Generic name: fosamprenavir

Medically reviewed by Drugs.com. Last updated on Feb 6, 2024.

Note: This document contains side effect information about fosamprenavir. Some dosage forms listed on this page may not apply to the brand name Lexiva.

Applies to fosamprenavir: oral suspension, oral tablet.

Serious side effects of Lexiva

Along with its needed effects, fosamprenavir (the active ingredient contained in Lexiva) may cause some unwanted effects. Although not all of these side effects may occur, if they do occur they may need medical attention.

Check with your doctor immediately if any of the following side effects occur while taking fosamprenavir:

More common

Incidence not known

Other side effects of Lexiva

Some side effects of fosamprenavir may occur that usually do not need medical attention. These side effects may go away during treatment as your body adjusts to the medicine. Also, your health care professional may be able to tell you about ways to prevent or reduce some of these side effects.

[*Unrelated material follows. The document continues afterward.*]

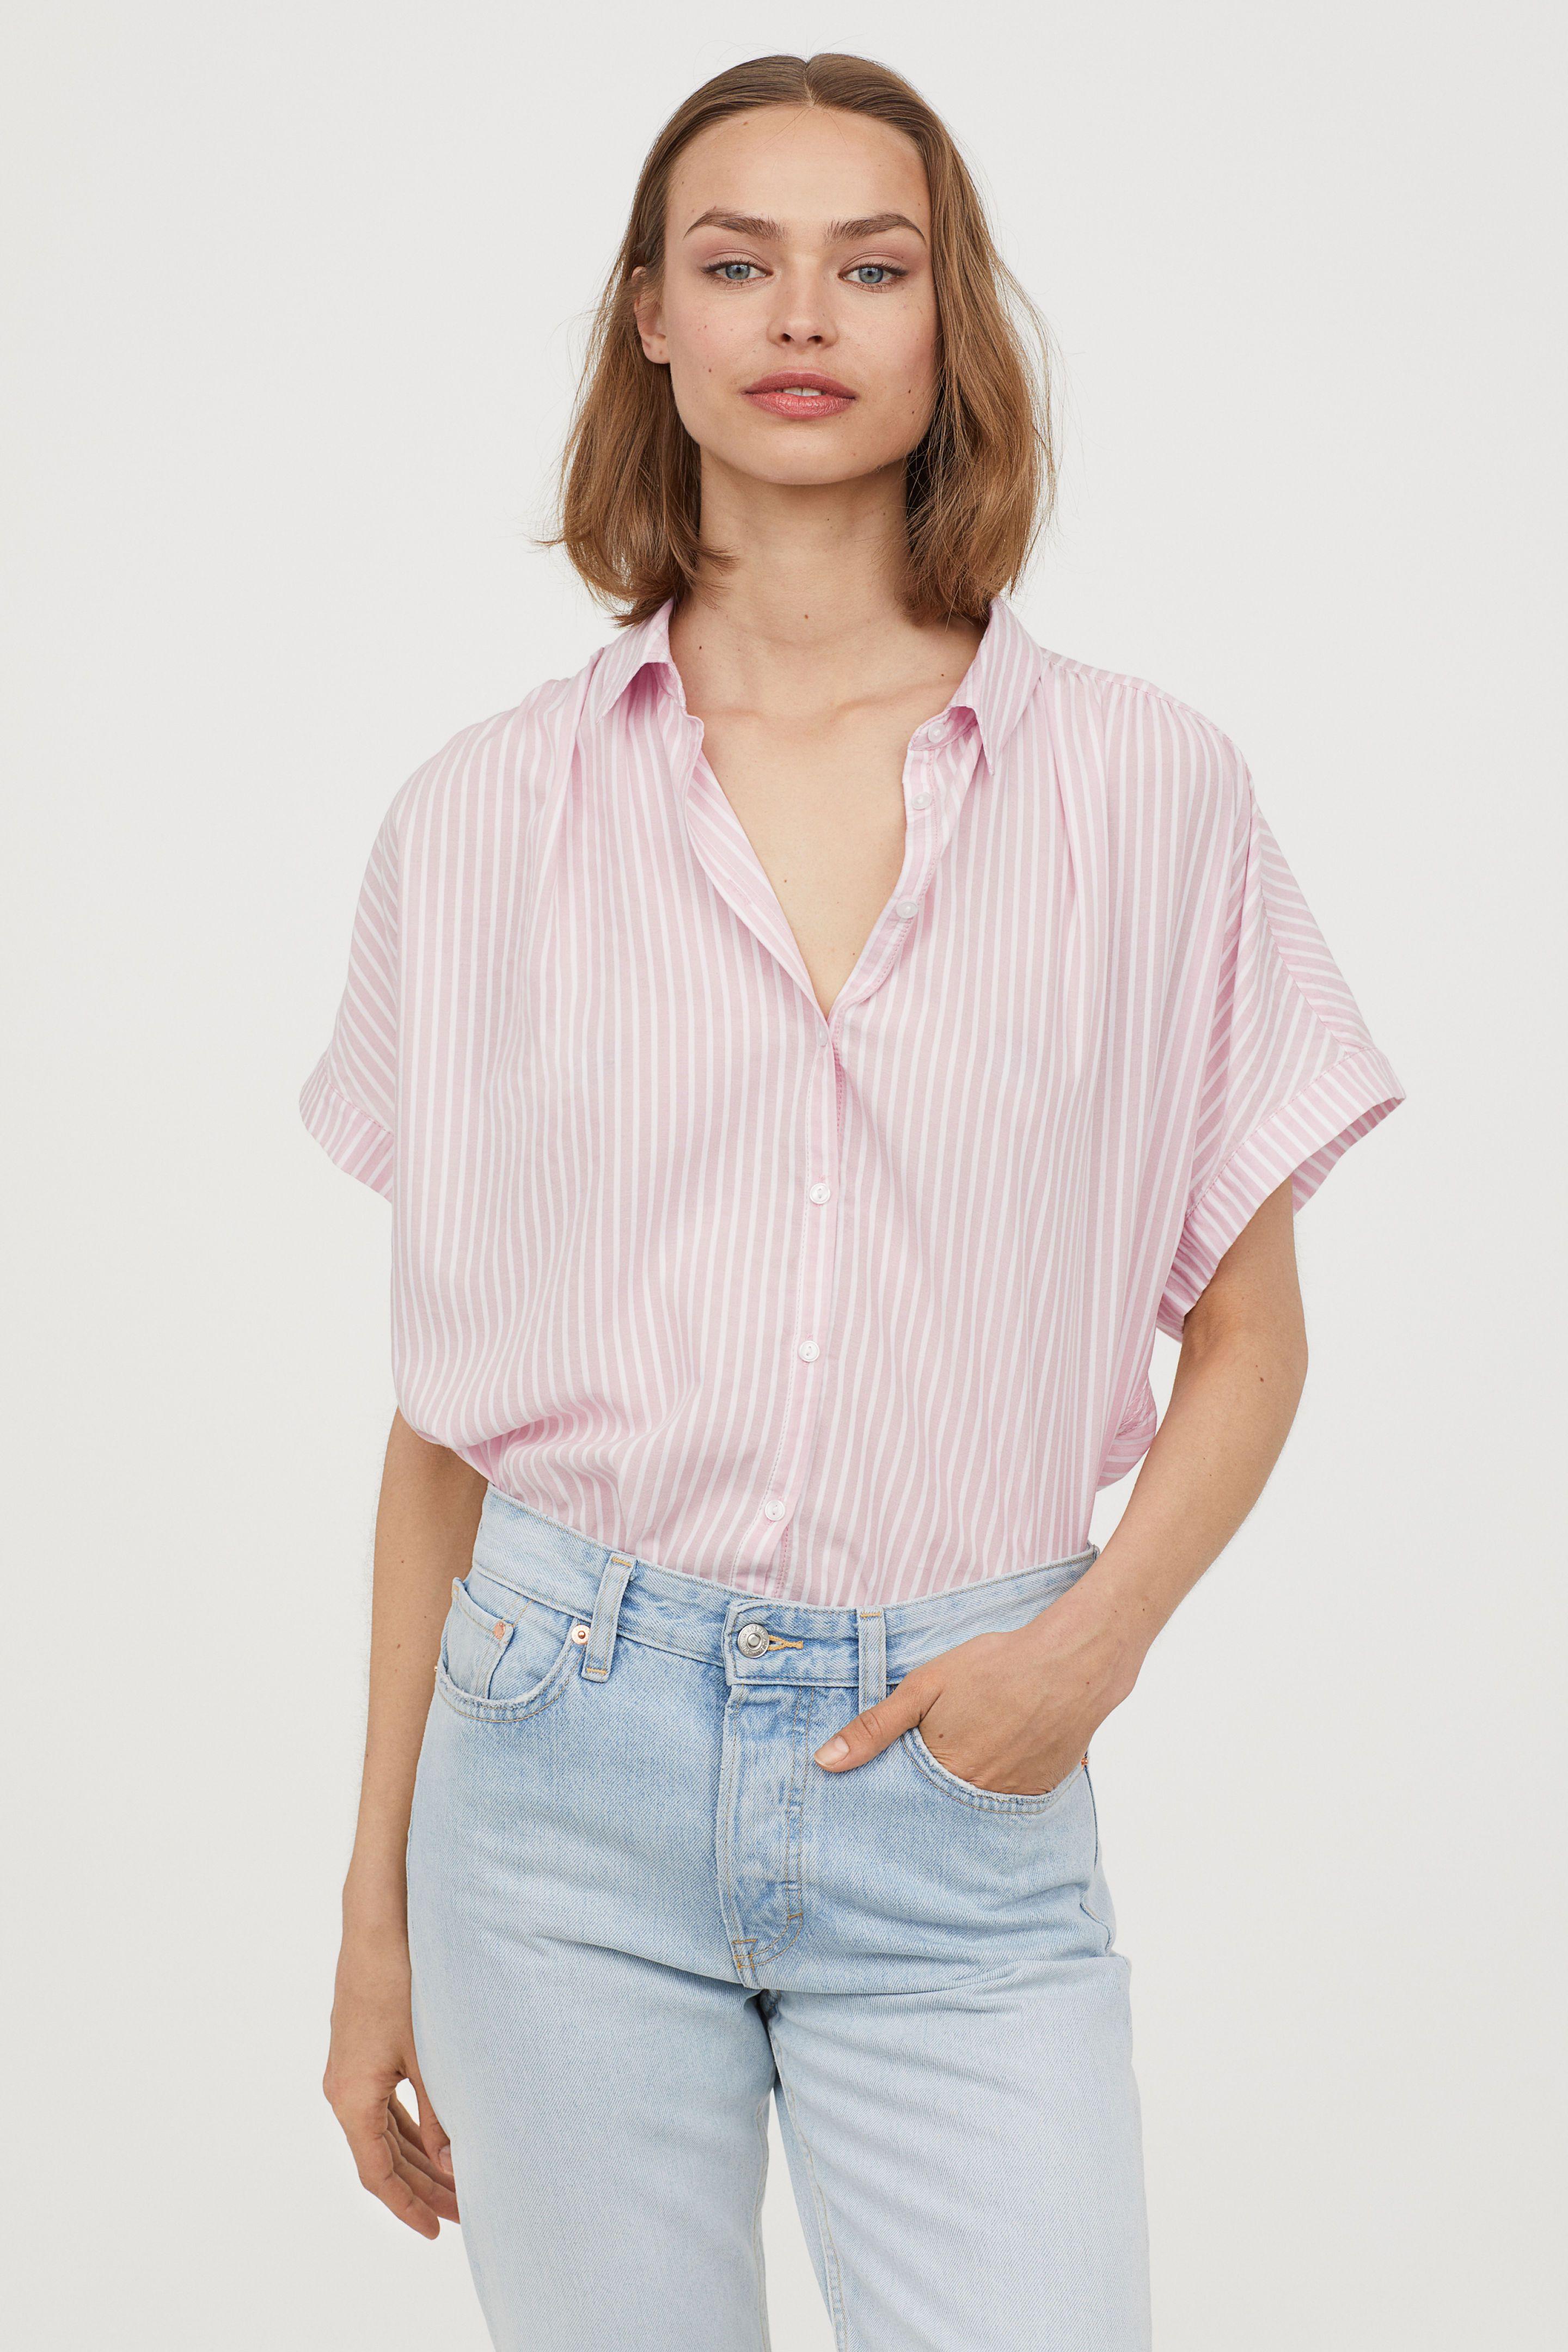 bad284fe69d7 Blusa holgada en 2019 | CAMISAS | Blusas, Blusas holgadas y Blusa rosa

Check with your health care professional if any of the following side effects continue or are bothersome or if you have any questions about them:

Less common

Incidence not known

For Healthcare Professionals

Applies to fosamprenavir: oral suspension, oral tablet.

General

Diarrhea, rash, nausea, vomiting, and headache were the most frequent moderate to severe side effects in clinical trials. Discontinuations due to side effects were 6.4% in patients using this drug compared to 5.9% in those using comparator therapies; the most common side effects leading to discontinuation of this drug (incidence up to 1%) included diarrhea, nausea, vomiting, increased AST, increased ALT, and rash.[Ref]

Dermatologic

Very common (10% or more): Skin rash (up to 19%)

Common (1% to 10%): Rash/cutaneous reactions (including erythematous or maculopapular cutaneous eruptions [with or without pruritus])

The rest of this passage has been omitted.